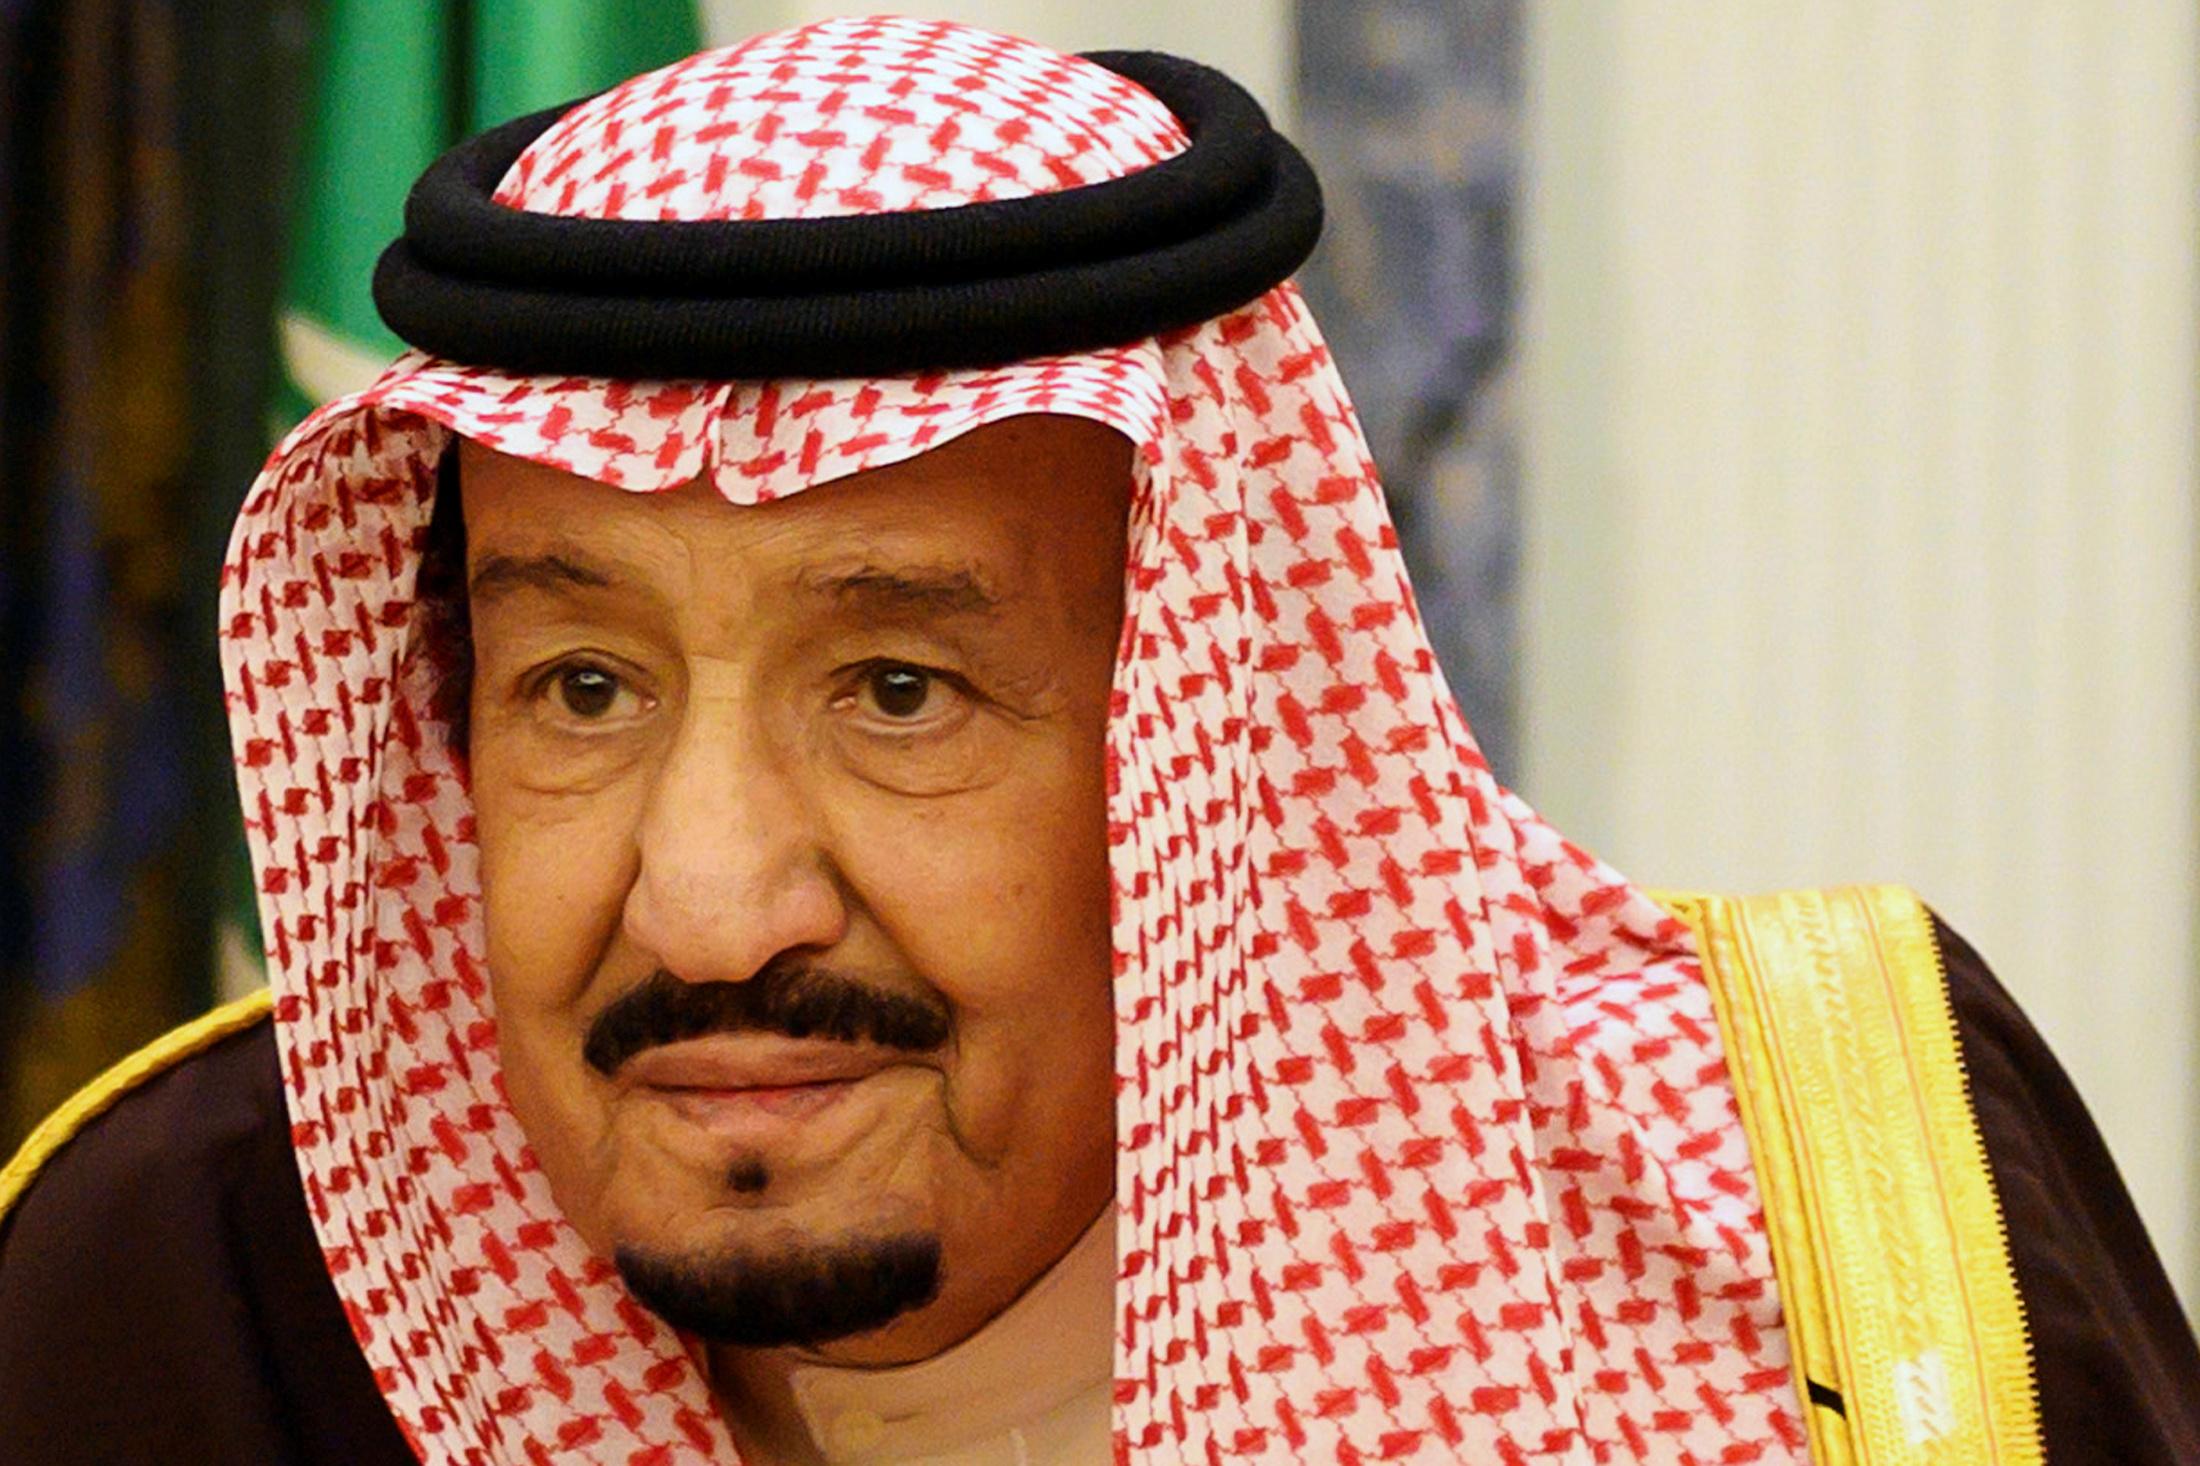 Saudi Arabia's King Salman bin Abdulaziz meets with U.S. Secretary of State Mike Pompeo (not pictured) in Riyadh, Saudi Arabia January 14, 2019. Andrew Caballero-Reynolds/Pool via REUTERS/File Photo
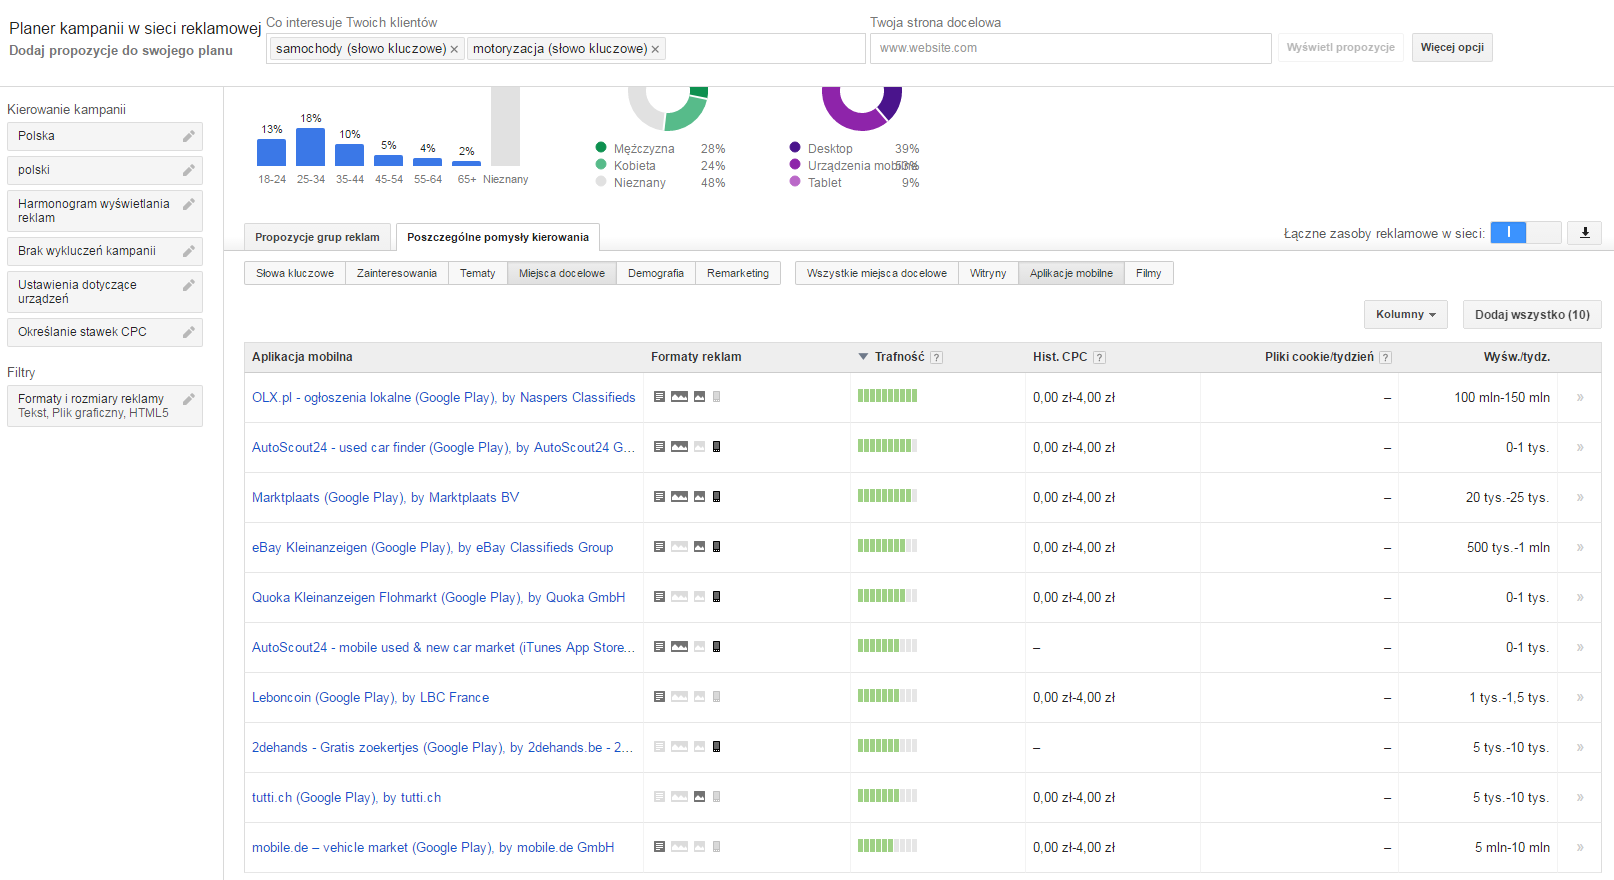 planer kampanii sieci reklamowej google
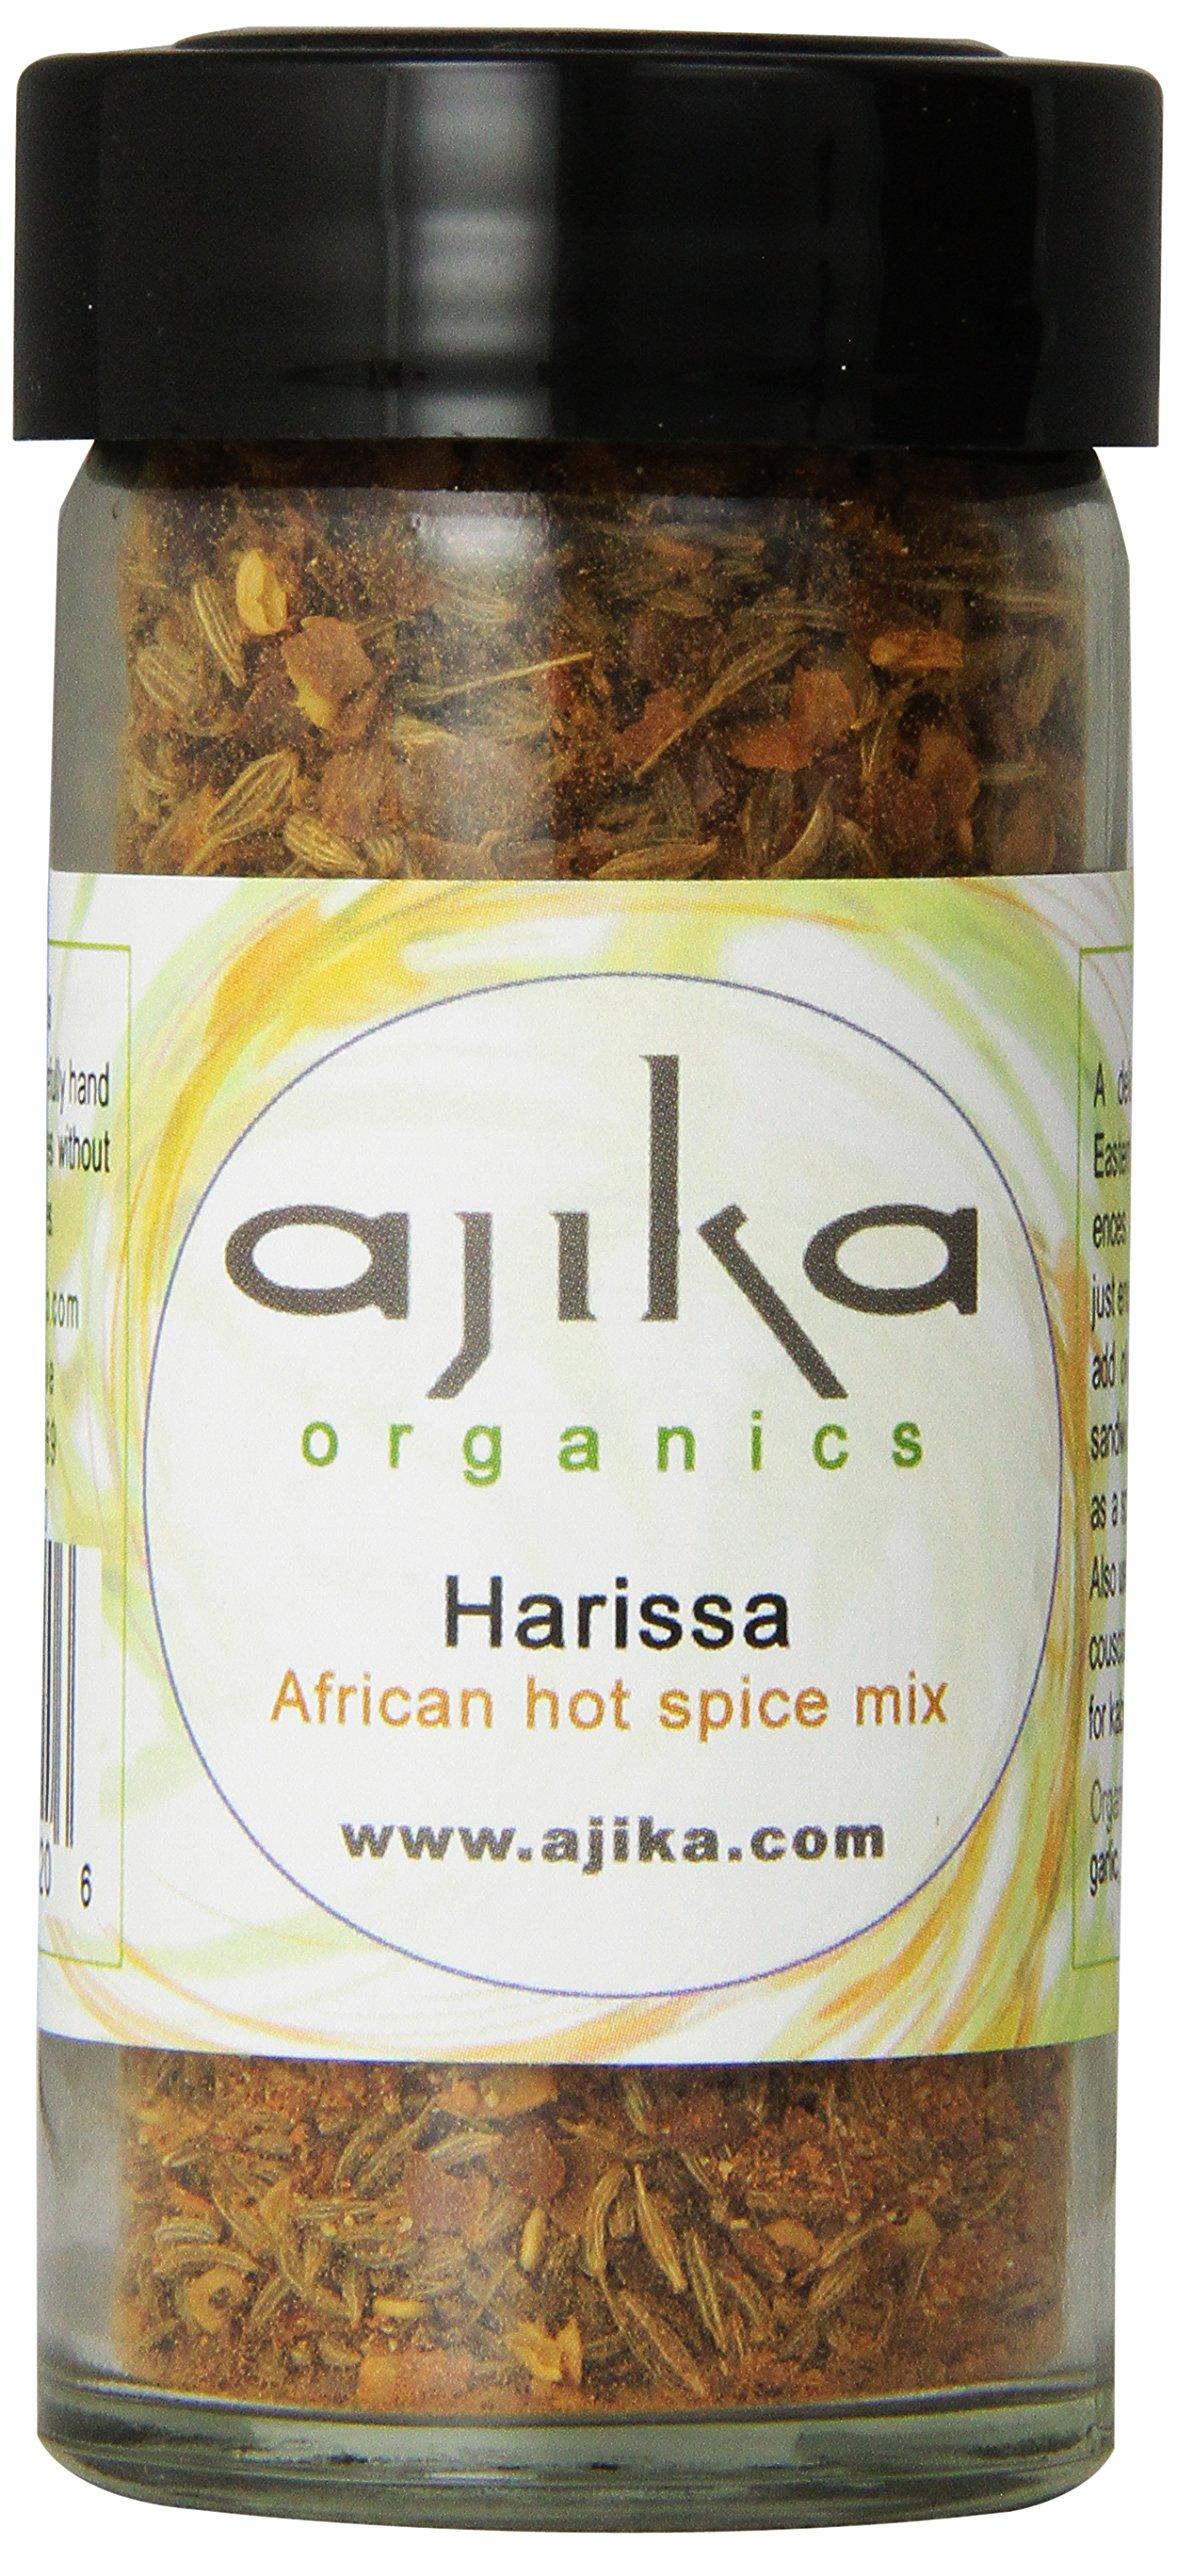 Ajika Organic Harissa Spice Blend - Hot Chili Seasoning From Africa, 2.0-Ounce
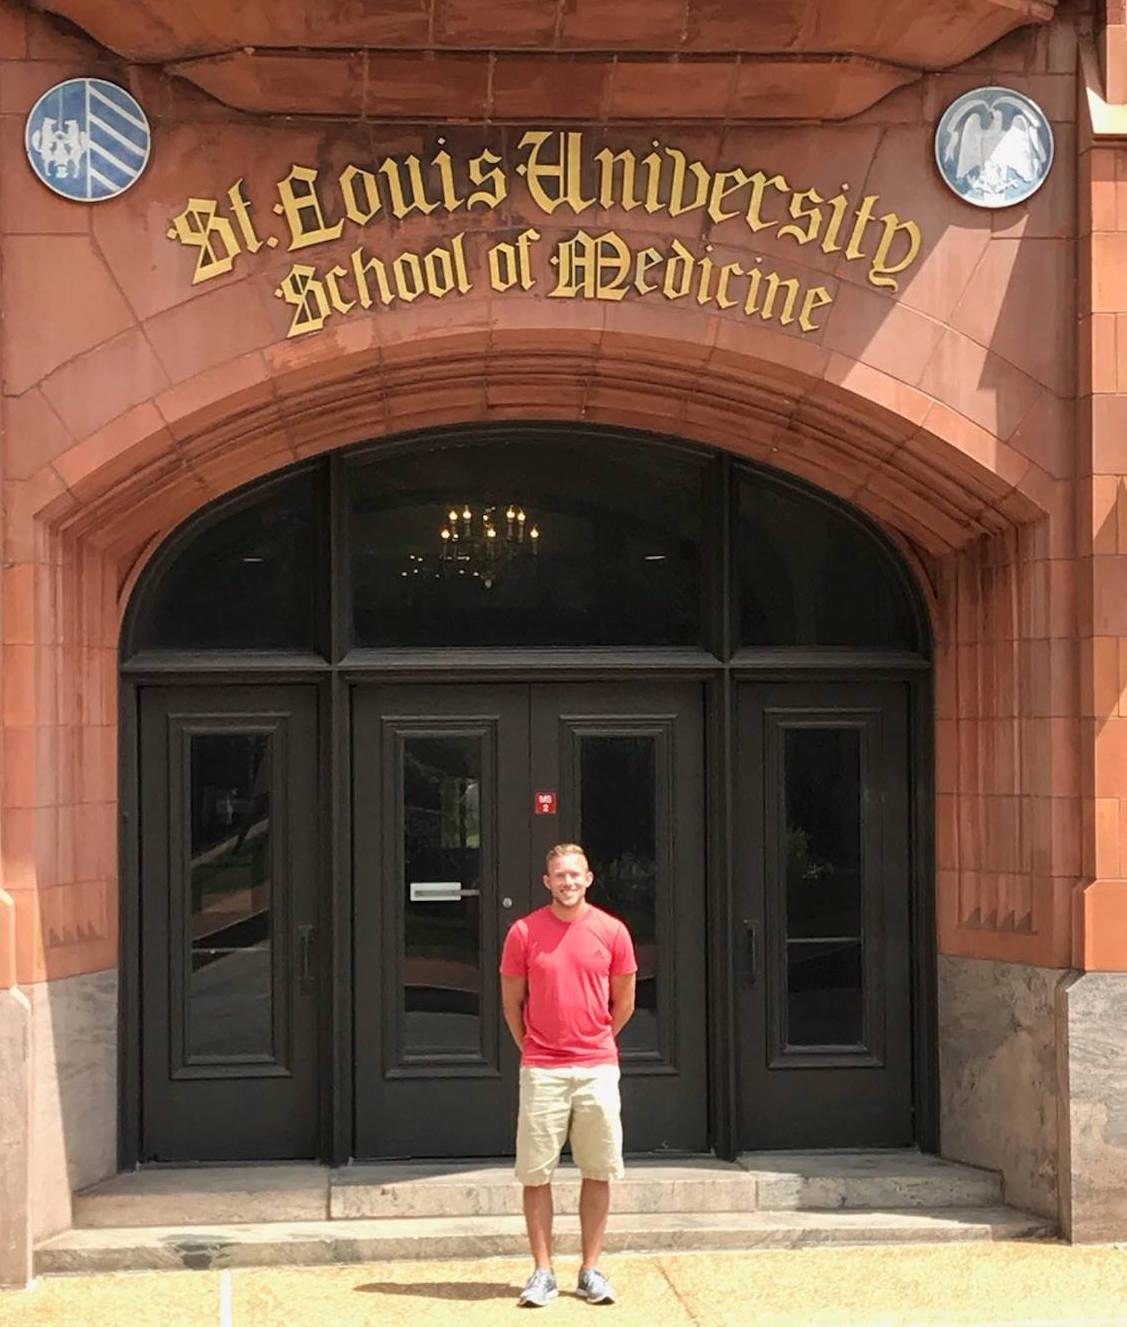 Luke Buttke SLU Entrance 2018.jpg

[ACTIVITY]
Transcribe the listing above verbatim. Omit the pictures.

[WRITTEN ANSWER]
 Saudi Arabia's King Salman bin Abdulaziz meets with U.S. Secretary of State Mike Pompeo (not pictured) in Riyadh, Saudi Arabia January 14, 2019. Andrew Caballero-Reynolds/Pool via REUTERS/File Photo
 planer kampanii sieci reklamowej google
 Ajika Organic Harissa Spice Blend - Hot Chili Seasoning From Africa, 2.0-Ounce
 Luke Buttke SLU Entrance 2018.jpg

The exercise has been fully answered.